Imaging studies: abdominal X-ray in two positions shows dilation of intestinal loops of up to 12 cm, inter-loop edema, chest radiograph with the presence of subdiaphragmatic free air (shown in Fig. 1a–b). Because of the clinical picture of an acute abdomen and perforation of the hollow viscus, an emergency exploratory laparotomy was decided on June 13, 2020, with the following findings: 5 × 3cm perforation in a tumor of the left colon (splenic angle); tumor measuring approximately 12 × 10 × 8cm in the proximal third of the ascending colon locally advanced to the para-aortic ganglionic chain with evidence of necrosis, free intestinal fluid in the cavity approximately 600 mL (shown in Fig. 2a–b), multiple firms and lax loop-loop adhesions, multiple liver metastases, and abscesses. Radical total colectomy was performed with resection at the level of the R2 ileocolic artery and formation of a Brooke-type terminal ileostomy (shown in Fig. 3a–c). The duration of the surgical procedure was 1 h 16 min, with an anesthetic time of 2 h and total bleeding estimated at 500 mL. The patient was transferred to the intensive care unit due to hemodynamic instability after the surgical event, where he remained under management for septic shock and multiple organ failure. He presented adequate ileostomy functioning after 12 h after surgery. After 48 h, he presented refractory septic shock and cardiorespiratory arrest without response to advanced maneuvers, for which he died.
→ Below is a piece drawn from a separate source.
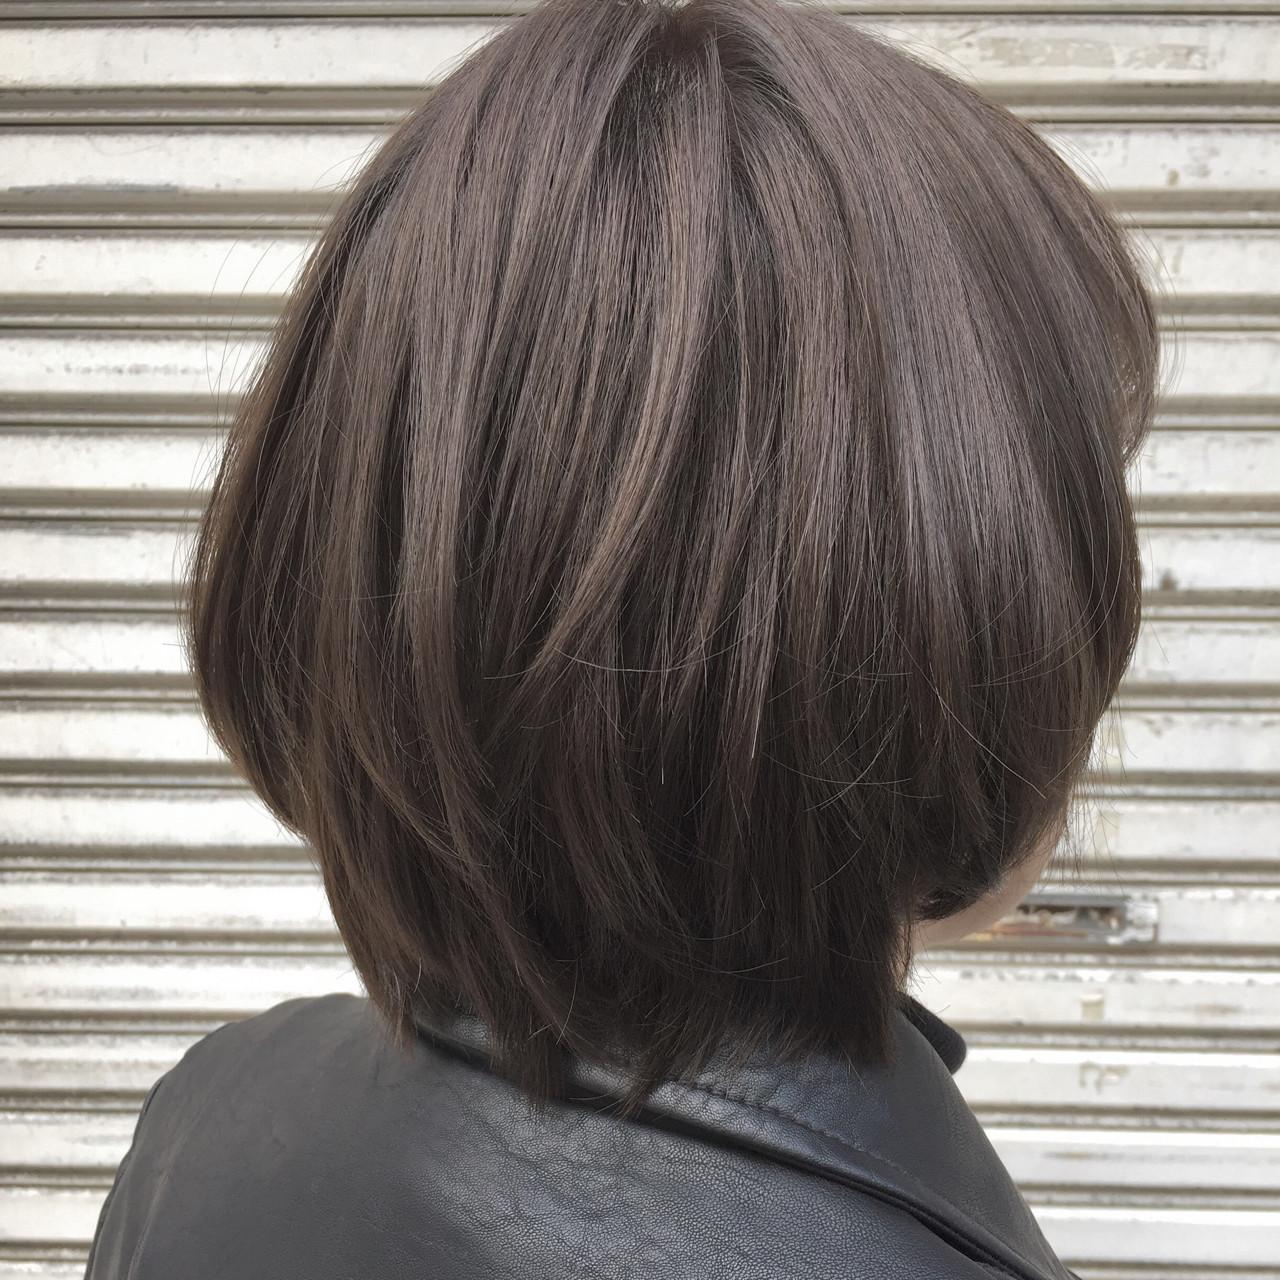 アッシュ ハイライト ボブ 色気 ヘアスタイルや髪型の写真・画像

Fig. 1. — a Chest X-ray PACS system, the General Hospital of Mexico. b Abdominal X-ray PACS system, the General Hospital of Mexico.

Fig. 2. — a Surgical specimen (colon). General Surgery Service, the General Hospital of Mexico. b Surgical specimen indicating perforation site. General Surgery Service, the General Hospital of Mexico.

Fig. 3. — a Surgical specimen, macroscopic view. Pathology Unit, the General Hospital of Mexico. b Surgical specimen macroscopic view of the right colon. Pathology Unit, the General Hospital of Mexico. c Surgical specimen macroscopic view of the left colon. Pathology Unit, the General Hospital of Mexico.

Histopathological report: in the histological sections, a malignant neoplastic lesion of epithelial lineage with a glandular and in loose nests pattern is observed, which replaces the mucosa and infiltrates the lamina propria, muscularis mucosas, submucosa, muscularis propria, and the subserosa. Loss of continuity and perforation are observed in the wall of lesion 3. In lesion 1 and 3, there are neoplastic cells, with hyperplasia or mesothelial inflammation. Less than 50% of the lesion is made up with intestinal phenotype glands of different sizes, lined by pseudostratified simple columnar epithelium, with a nucleus: cytoplasm ratio of 2–3:1, clear cytoplasm, round nuclei with moderate atypia, membrane reinforcement nuclear, “salt and pepper” chromatin, evident nucleolus, and few mitosis; between the glands, there is fibrovascular tissue and segmented mononuclear inflammatory infiltrate (shown in Fig. 4).

Fig. 4. — a Normal and neoplastic colonic mucosa transition. Complete loss of epithelial architecture is observed, which is replaced by neoplastic glands (H&E-stained photomicrograph ×4 objective). b Neoplastic glands are observed arranged on a villloglandular pattern, with cylindrical cells, with hyperchromatic, elongated nuclei, with loss of polarity. Apical cytoplasmic vacuoles are seen in some cells (H&E-stained photomicrograph ×10 objective). c, d In an approach to these neoplastic glands, some fused; we can identify the neoplastic morphology of the cells that lose the nucleus cytoplasm relationship, with hyperchromatic nuclei, with moderate to severe atypia. Inflammatory infiltrate is also observed (H&E-stained photomicrograph ×40 objective). d An approach to the neoplastic glands where the loss of polarity is clearly observed, the nuclei are hyperchromatic, and an apical cytoplasmic vacuole is observed (H&E-stained photomicrograph. ×40 objective).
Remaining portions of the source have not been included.